With a few seconds left, Matt and Smash put aside their differences and convince Eric in getting them into the game. Matt's pass towards Landry is incomplete, but a penalty flag allows the Panthers to try another play, and Smash manages to score a touchdown to get the win. Landry is praised for his performance in a party, but he is heartbroken when Tyra breaks up with him, saying she wants to protect him. Matt declines Julie's request to hang out, still upset that she prioritized the Swede over him. At home, Tami suggests to Eric that they should "fool around", which Eric gladly accepts.

==Production==
===Development===
In October 2007, NBC announced that the fifth episode of the season would be titled "Let's Get It On". The episode was written by consulting producers Patrick Massett and John Zinman and directed by David Boyd. This was Massett's fourth writing credit, Zinman's fourth writing credit, and Boyd's third directing credit.

==Reception==
===Viewers===
In its original American broadcast, "Let's Get It On" was seen by an estimated 5.40 million household viewers with a 1.8 in the 18–49 demographics. This means that 1.8 percent of all households with televisions watched the episode. This was a 8% decrease in viewership from the previous episode, which was watched by an estimated 5.81 million household viewers with a 2.0 in the 18–49 demographics.

===Critical reviews===
"Let's Get It On" received generally positive reviews from critics. Eric Goldman of IGN gave the episode a "good" 7.6 out of 10 and wrote, "It's just hard to fathom why so many bad choices are being done with this character this season. The murder storyline is outlandish, but so in its own way is Landry joining the Panthers. Trying to deal with both at once is a really huge stretch."

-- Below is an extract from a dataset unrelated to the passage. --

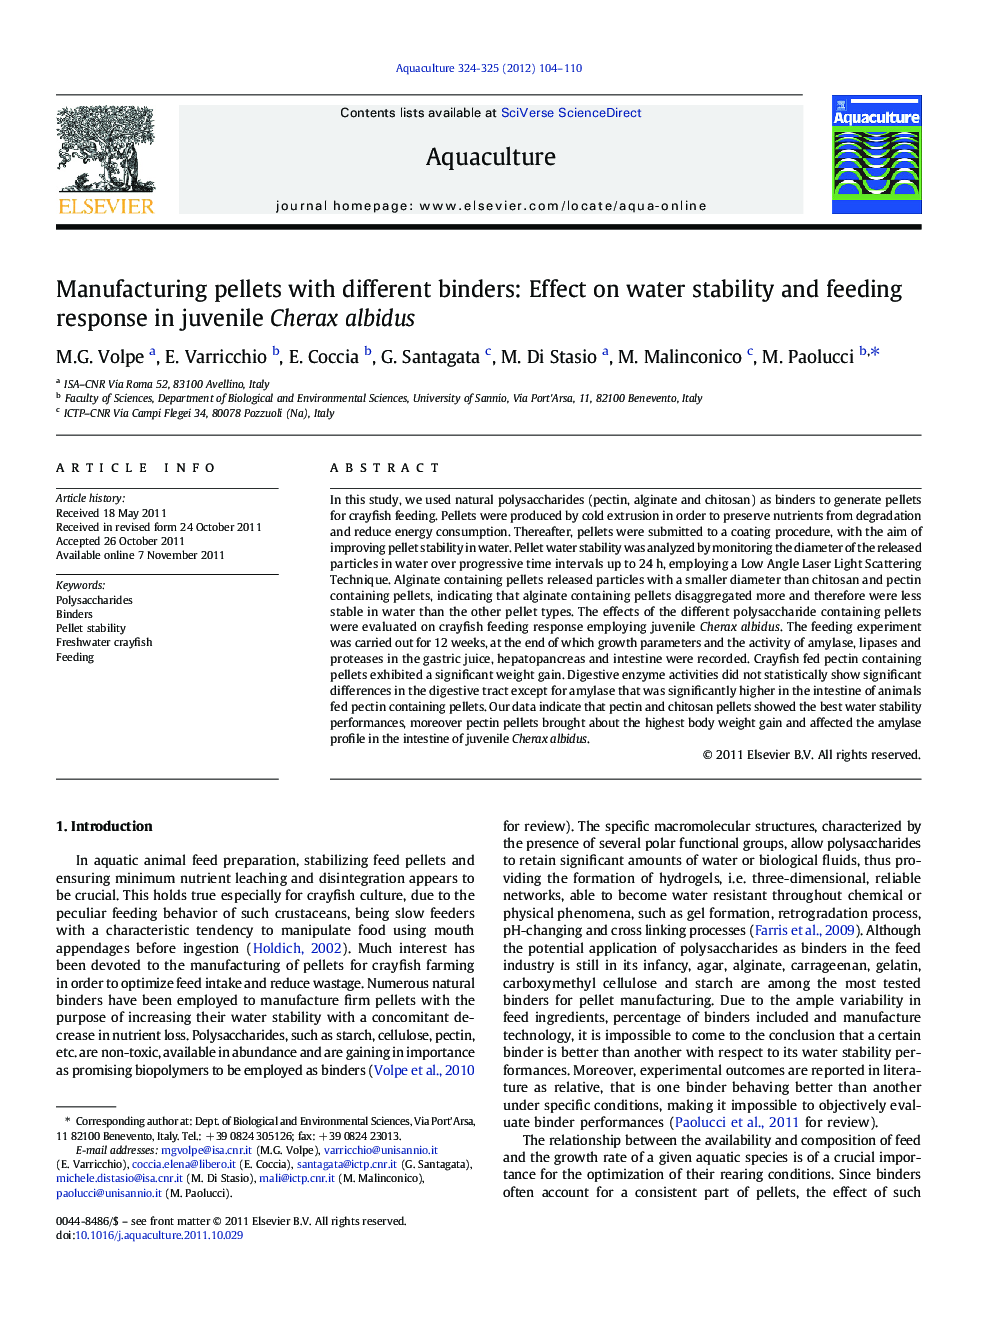 Manufacturing pellets with different binders: Effect on water stability and feeding response in juvenile Cherax albidus

Scott Tobias of The A.V. Club gave the episode an "A" grade and wrote, "Coming after four hours of stumblin', bumblin', and fumblin', tonight's episode offered resounding proof of why critic-types like myself (and a too-small cadre of disciples) have been declaring Friday Night Lights the best drama on network television. Virtually every scene was beautifully observed and acted, full of exacting dialogue and painful truths, and suffused with authentic emotion. It's by far the strongest episode of this season and maybe one of the all-time best, though perhaps that's the lump in my throat talking after watching my beloved show return to form."

Alan Sepinwall wrote, "the non-Landry portions of the episode were terrific. The show seems to finally be finding its season two footing, but there's this millstone of a storyline that keeps tripping it up." Casey Marsella of TV Guide wrote, "Jesse Plemons made Dillon stand up and cheer tonight. His performance is what I love about this show. I've always noticed that the people who seem "out of place" are usually the ones most comfortable in their own skin. Landry used to be the goofy, one-liner sidekick, but he was always sure of himself. Tonight he proved that."

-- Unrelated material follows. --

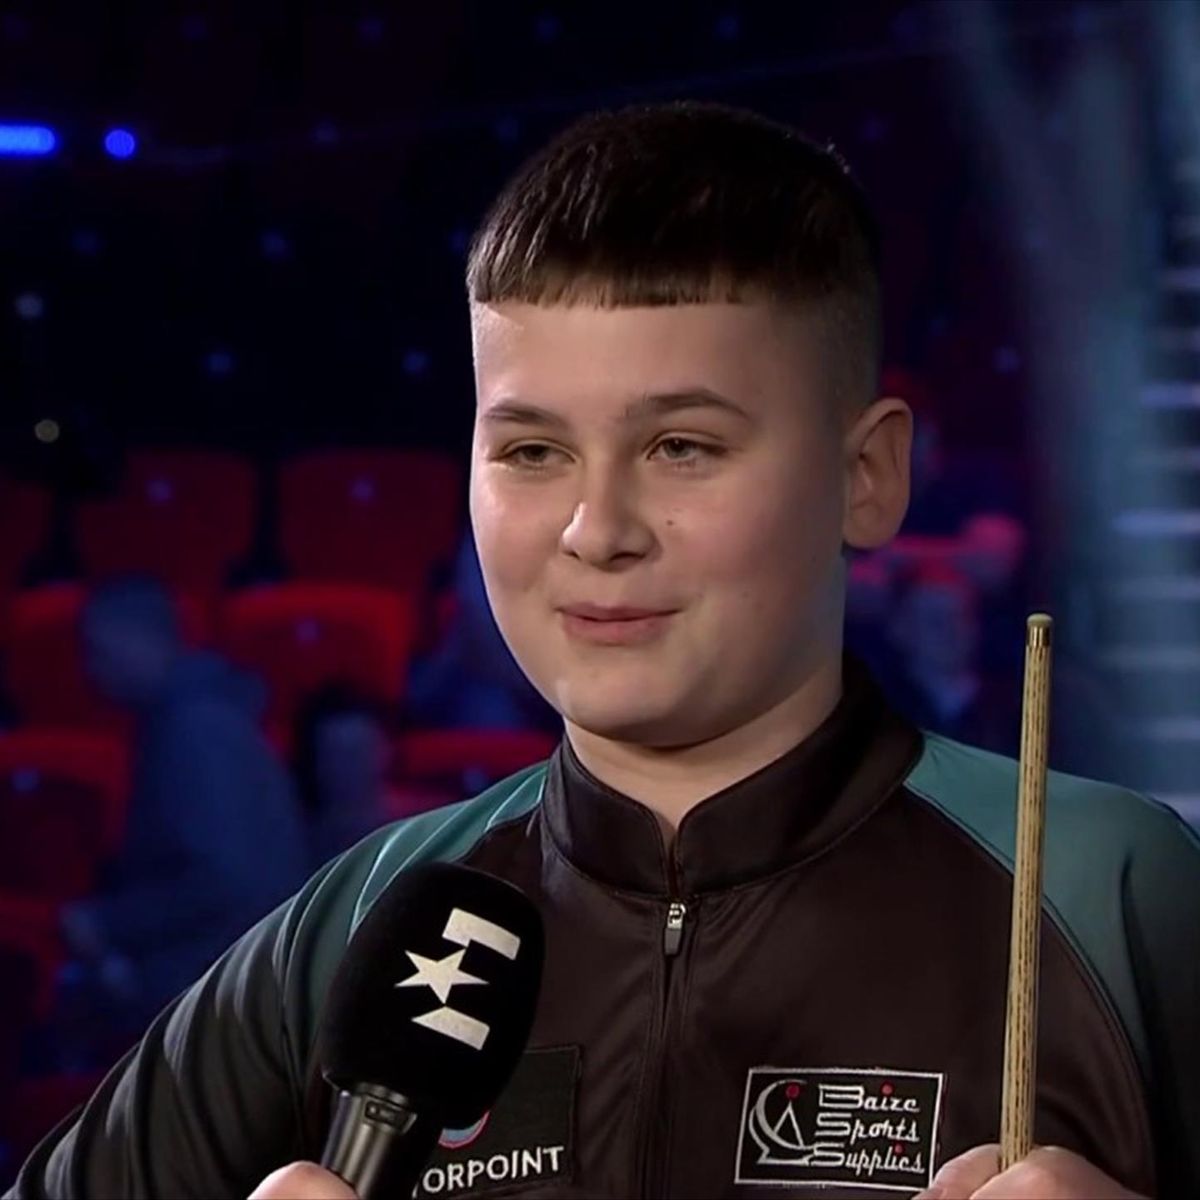 World champion - Riley Powell dreams big after Shoot Out heroics - Snooker video

Andrew Johnston of Slant Magazine wrote, "With Coach Taylor back where he belongs, at home with Tami and at the helm of the Panthers, Friday Night Lights serves up its most season one-line season two episode yet. I've generally liked the episodes that followed 'Last Days of Summer', but not since then has there been an episode that really felt like Friday Night Lights." Rick Porter of Zap2it wrote, "Eric Taylor is back in town, and not a moment too soon. The prodigal coach's return to Dillon made for one of the more satisfying Friday Night Lights experiences of the season."

Brett Love of TV Squad wrote, "Things are moving along quite nicely now. I liked that we got a measure of happiness this week in the form of the team winning, Street coming to grips to with his situation, and the Taylors getting their green light. There have been a lot of heavy stories dropped on Dillon so far this season, and this balanced it out nicely." Television Without Pity gave the episode a "B+" grade.